As preferably, the solvent described in step S2 is one or more in methylene dichloride, tetrahydrofuran (THF), ethanol, ethylene dichloride, methyl alcohol, Virahol, Isosorbide-5-Nitrae-dioxane, normal heptane, formic acid, toluene, acetonitrile, acetic acid, hexanaphthene, water.
Further preferably, the solvent described in step S2 is methylene dichloride, tetrahydrofuran (THF).Methylene dichloride and tetrahydrofuran (THF), relative to other solvents, have cost low, and aftertreatment is simple in the present reaction, and product loss is little, yield advantages of higher.
As preferably, the reductive agent described in step S2 is one or more in sodium borohydride, metallic nickel, hydrogen, titanium tetrachloride, Lithium Aluminium Hydride, sodium cyanoborohydride, sodium triacetoxy borohydride, borine, tetra isopropyl titanium.
Further preferably, the reductive agent described in step S2 is sodium borohydride.Sodium borohydride is applied very extensive in the industrial production, and cheap and easy to get, its activity is moderate, and aftertreatment is in the reaction simple, can improve the yield of product.

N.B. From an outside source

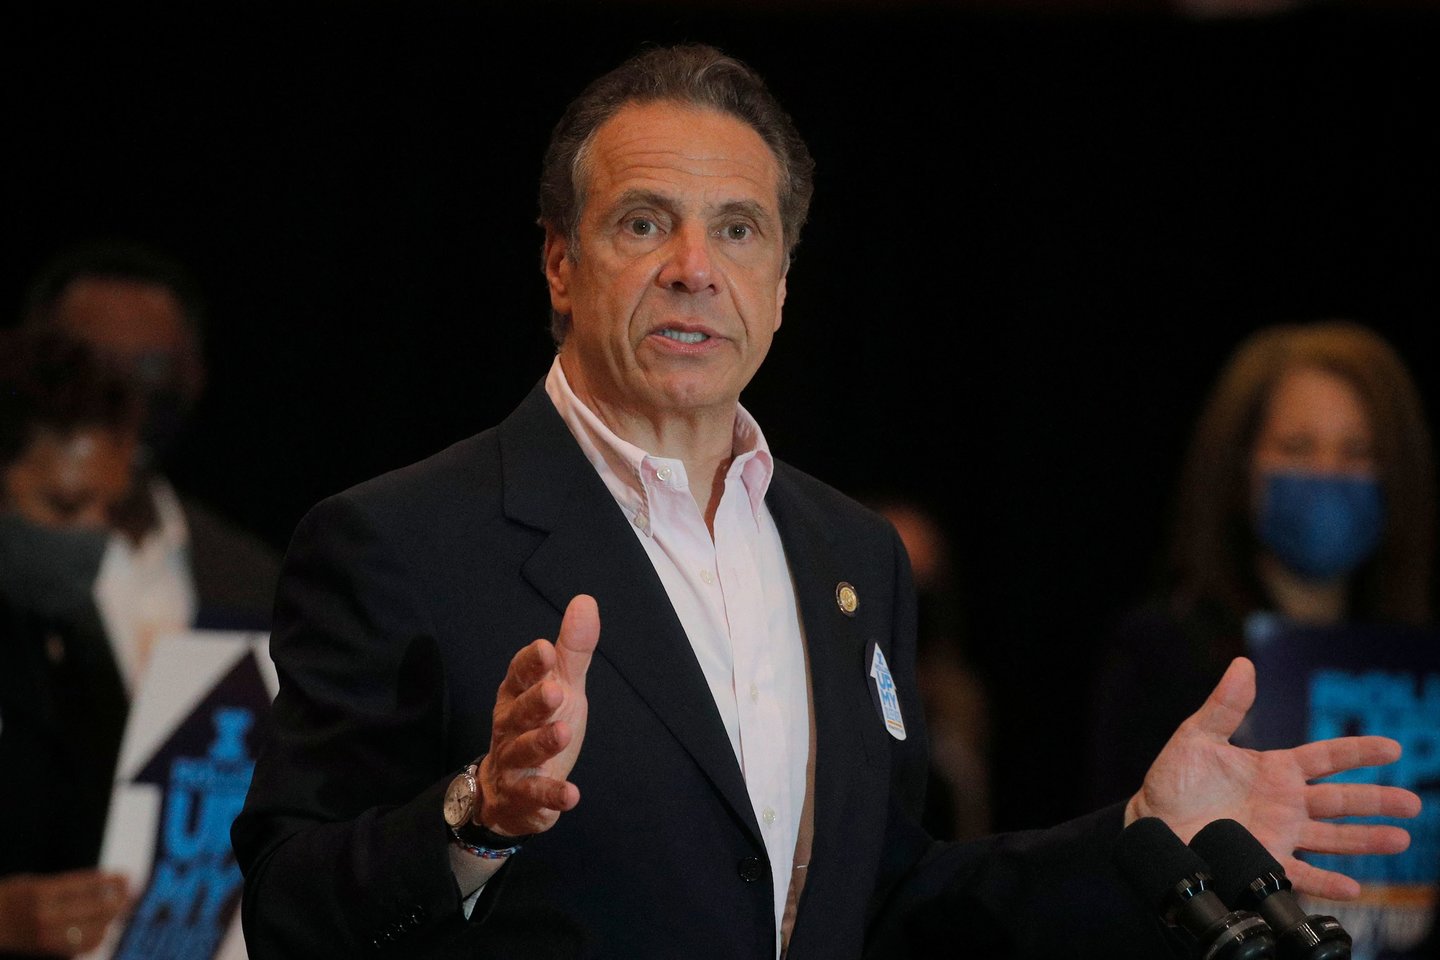 Buvęs Niujorko gubernatorius A. Cuomo apkaltintas seksualiniu nusikaltimu.<br> AFP/Scanpix nuotr.

As preferably, the reductive agent described in step S2 is (1 ~ 3) with the mol ratio of (R)-2-amino-1-phenylethyl alcohol: 1.

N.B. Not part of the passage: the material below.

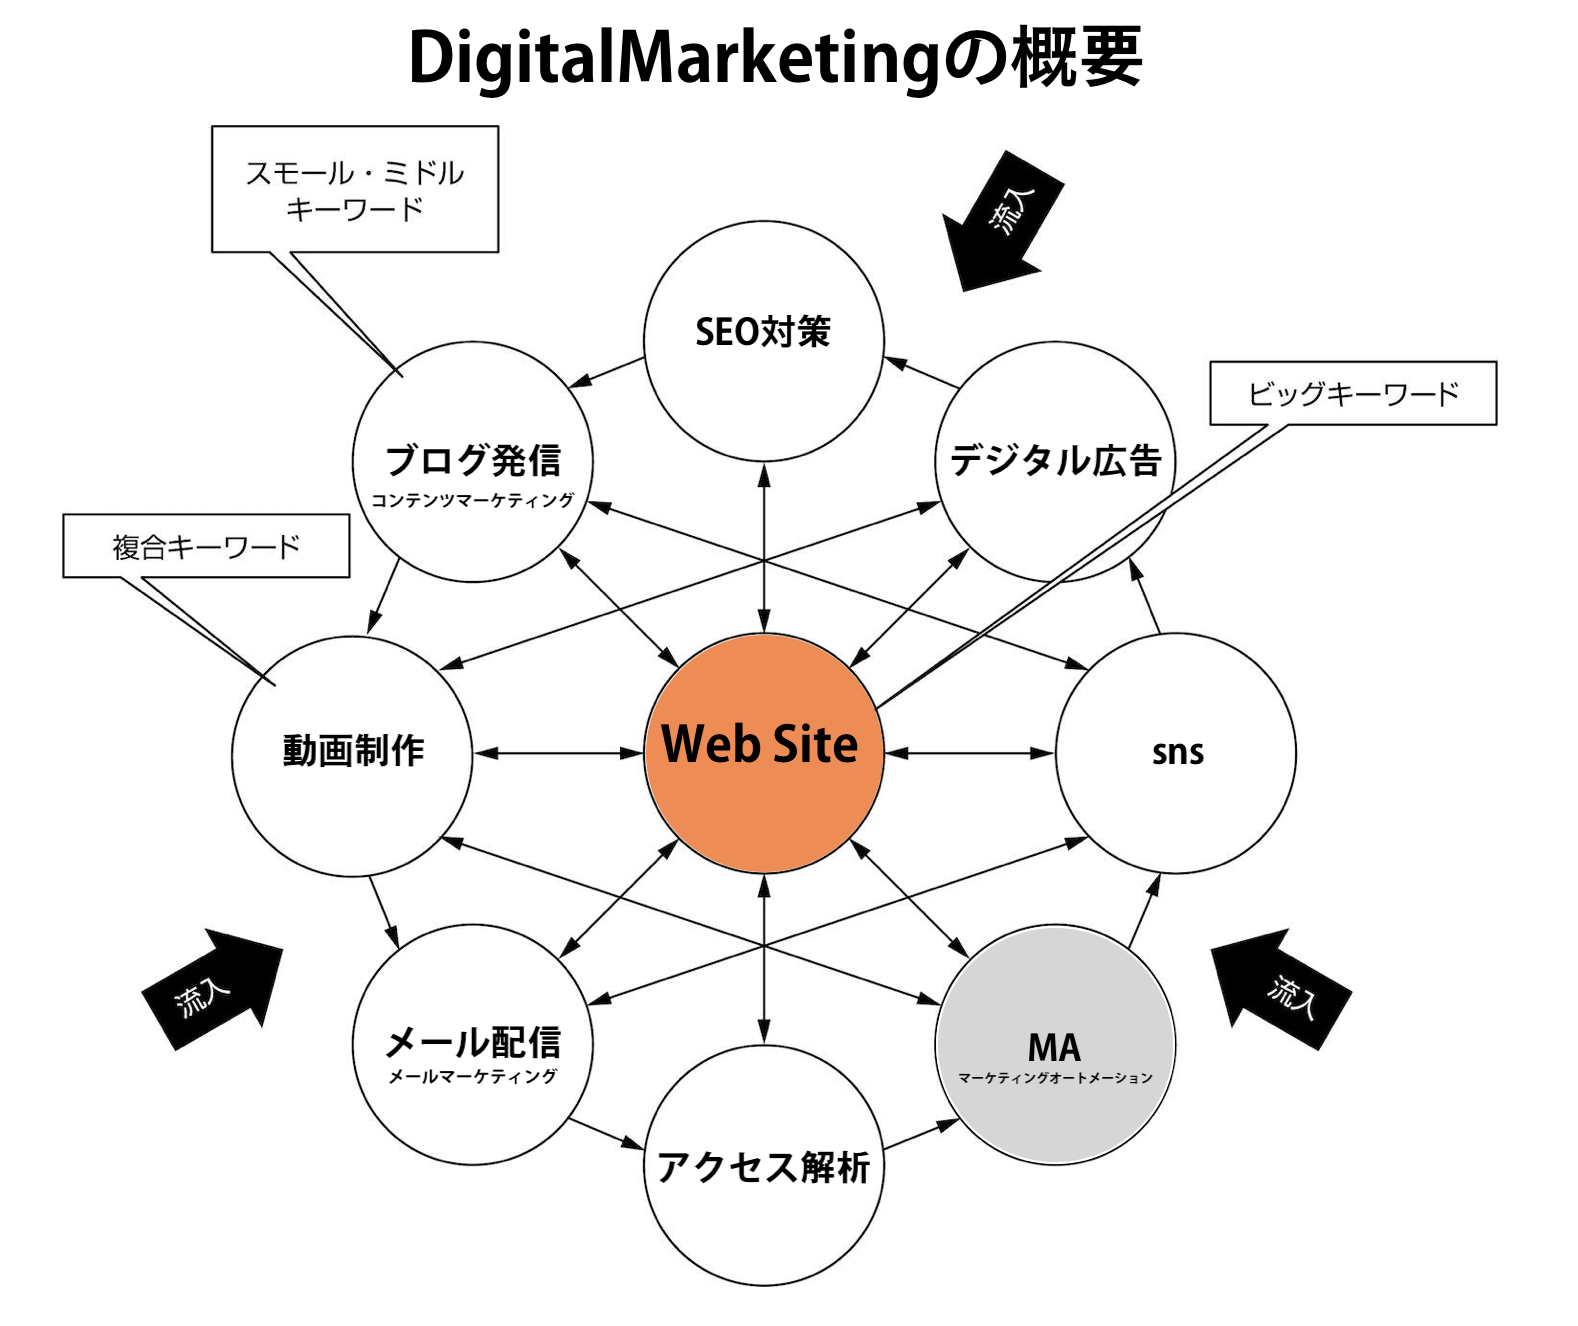  デジタルマーケティングの概要図

In the synthetic method of above-mentioned (R)-4-nitrophenethyl-(2-hydroxyl-2-styroyl)-t-butyl carbamate, described step S3 specifically comprises the steps: (R)-2-p-nitrophenyl ethylamino--1-phenylethyl alcohol obtained in step S2 to be dissolved in solvent, stirs lower to (Boc) 2o is added drop-wise in solvent, reaction solution is risen to room temperature, be stirred to and react completely, the reaction solution reacted completely directly is concentrated to obtain crude product, and crude product recrystallization obtains final product (R)-4-nitrophenethyl-(2-hydroxyl-2-styroyl)-t-butyl carbamate.
As preferably, solvent described in step S3 is tetrahydrofuran (THF), 1, one or more in 4-dioxane, methyl alcohol, the trimethyl carbinol, acetone, ethanol, n-propyl alcohol, Virahol, DMF, acetonitrile, 1,2-glycol dimethyl ether, normal hexane, methylene dichloride, water.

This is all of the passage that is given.